Viajamos todo el tiempo buscando, buscando. Esperando que a la vuelta de cada esquina se encuentre esa grata sorpresa que le pondrá fin a nuestro desamparo.
Y lo encontramos.

Pero solo por un tiempo. Las cosas evolucionan, los sentimientos evolucionan, las personas evolucionan. Nosotros, poco a poco, evolucionamos también. A nuestro ritmo. A nuestro propio ritmo. Enfrentando al mismo tiempo a los fantasmas escondidos en nuestra sombra, que a veces, sin querer queriendo, se salen a la luz y nos asustan.

En realidad toda la vida nos pasamos huyendo de ellos, pero cuando decidimos enfrentarlos, esos monstruos terribles que creíamos que eran, se disuelven hasta quedar en nada.  Terminamos aceptándolos como se acepta siempre a los compañeros de viaje.

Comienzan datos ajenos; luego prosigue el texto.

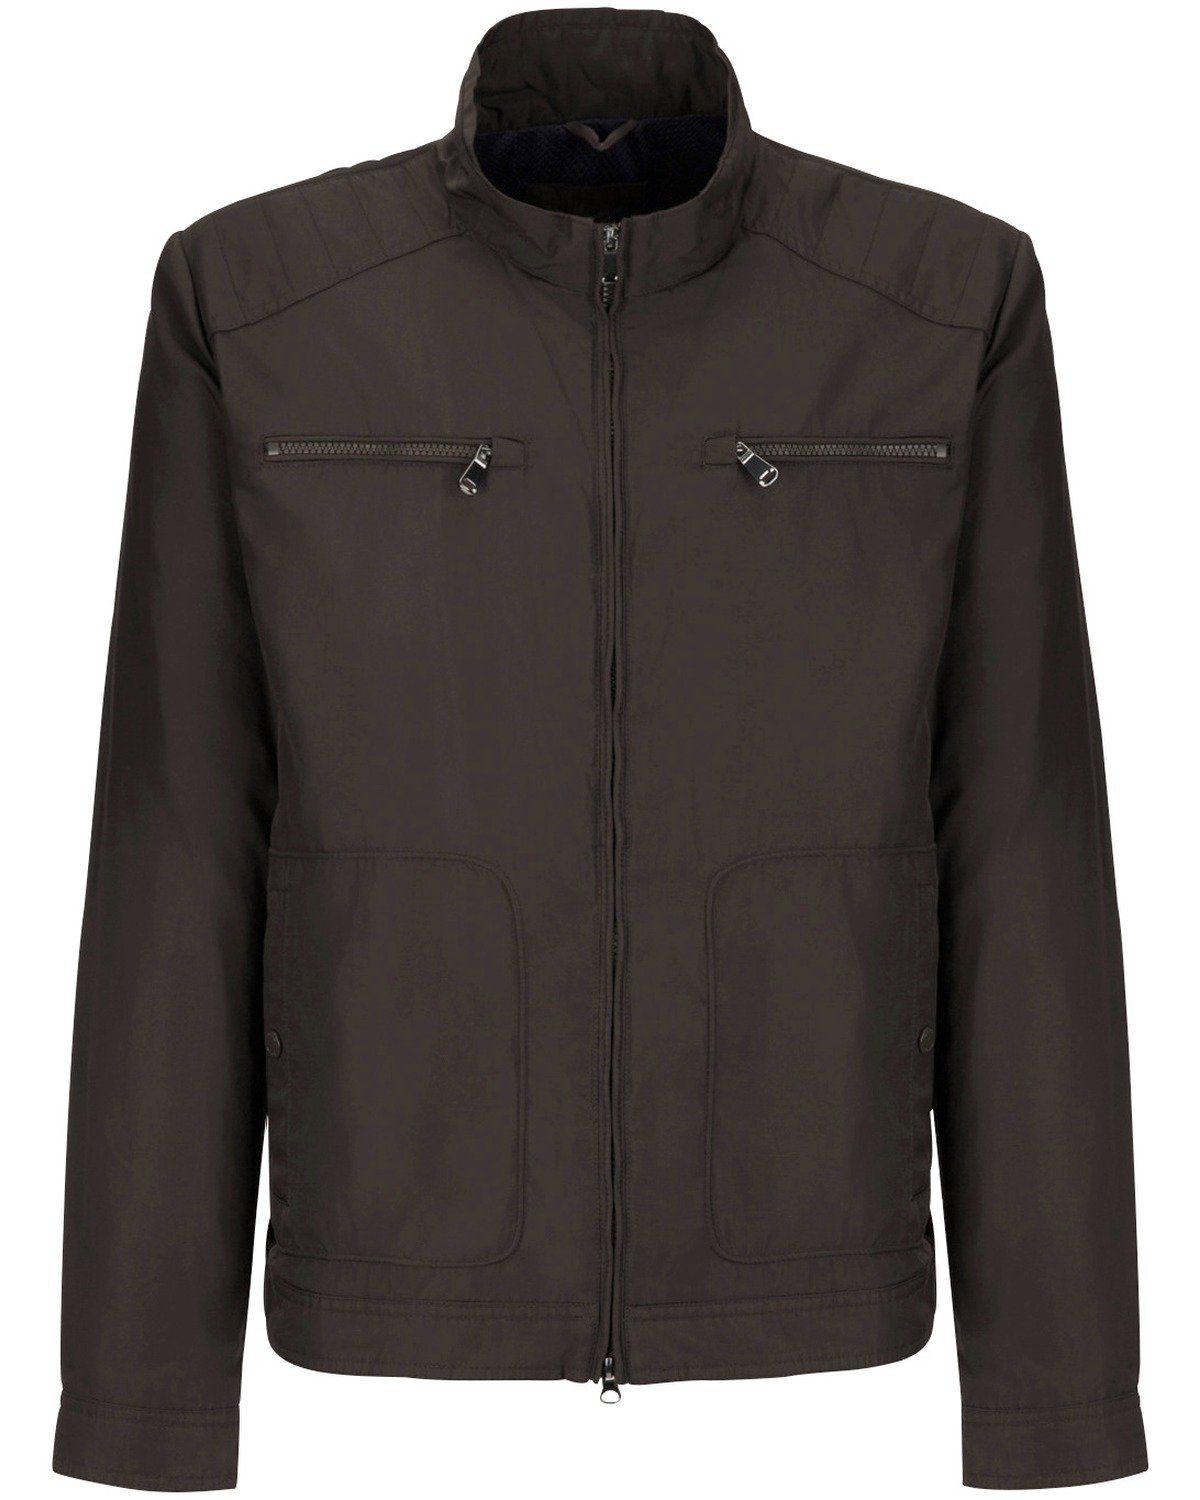 Geox Outdoorjacke »Jacke mit Stehkragen«, Verstellbare Saum- und Ärmelweite  online kaufen | OTTO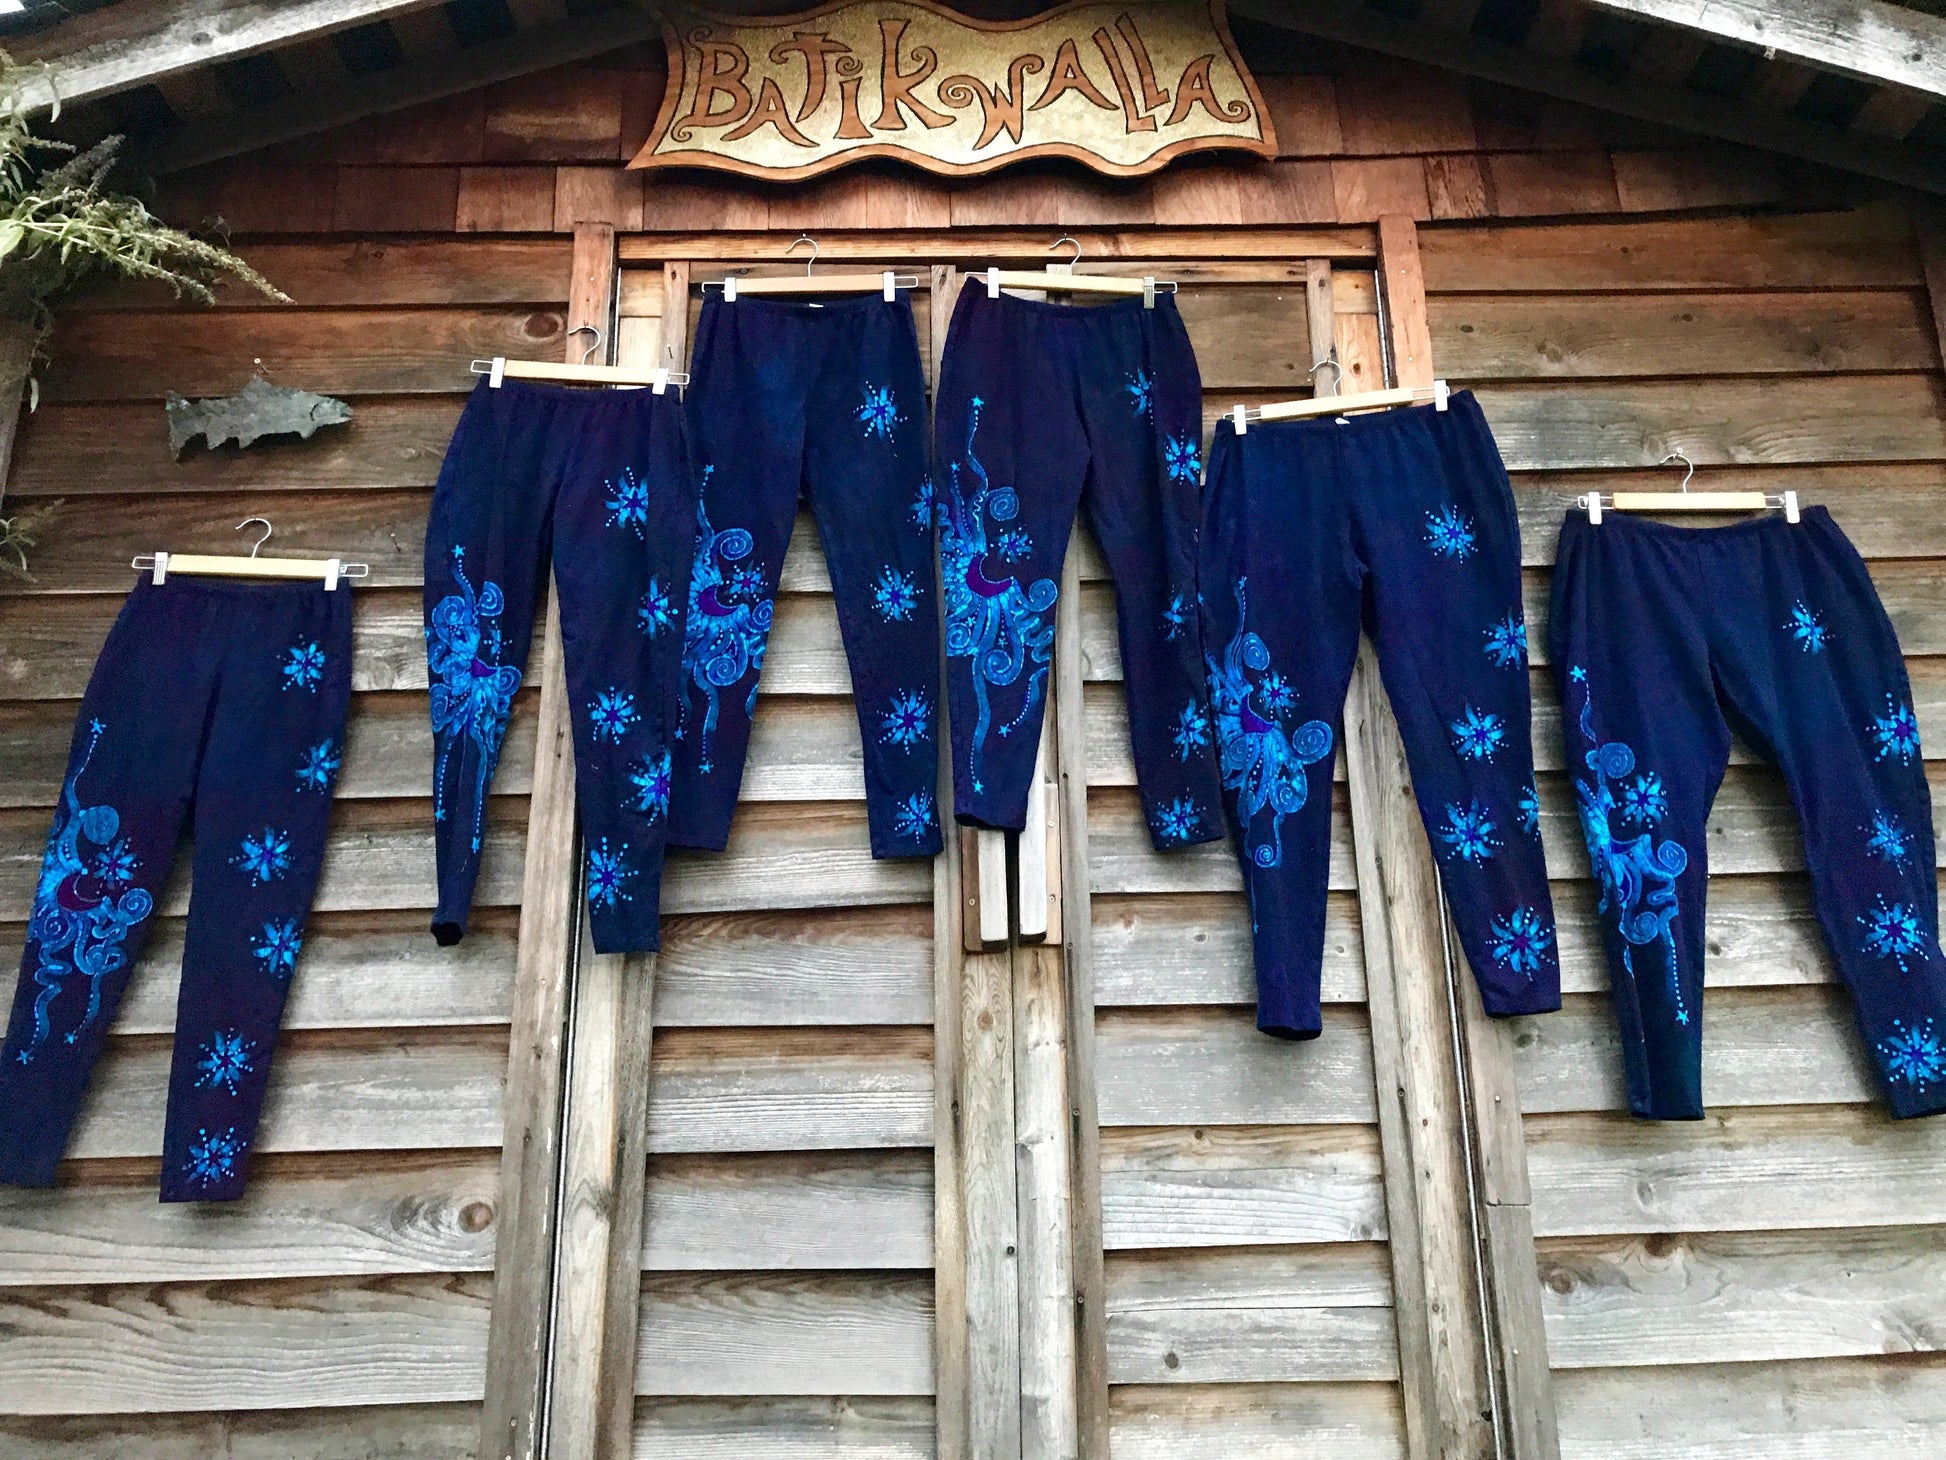 Draft of Deep Purple and Turquoise Moon & Star Batik Leggings leggings batikwalla

Hoy, con este sitio, hago un alto para tomar un café con todos aquellos que también lo quieran, para hablar, para escuchar, para rendirle un homenaje a esta vida, que es un tira y encoge. Que nunca nos va a dar todo como lo queremos, como lo necesitamos. Porque las cosas de uno están conectadas con todos, por lo que lo que queremos siempre saldrá impregnado con lo que quieren los demás. Y qué queremos todos? A pesar de todas las diferencias, queremos vivir. Ser felices, aceptados…
 Adelante! ¿Qué esperamos? Vivamos la vida. Amemos la vida todos juntos!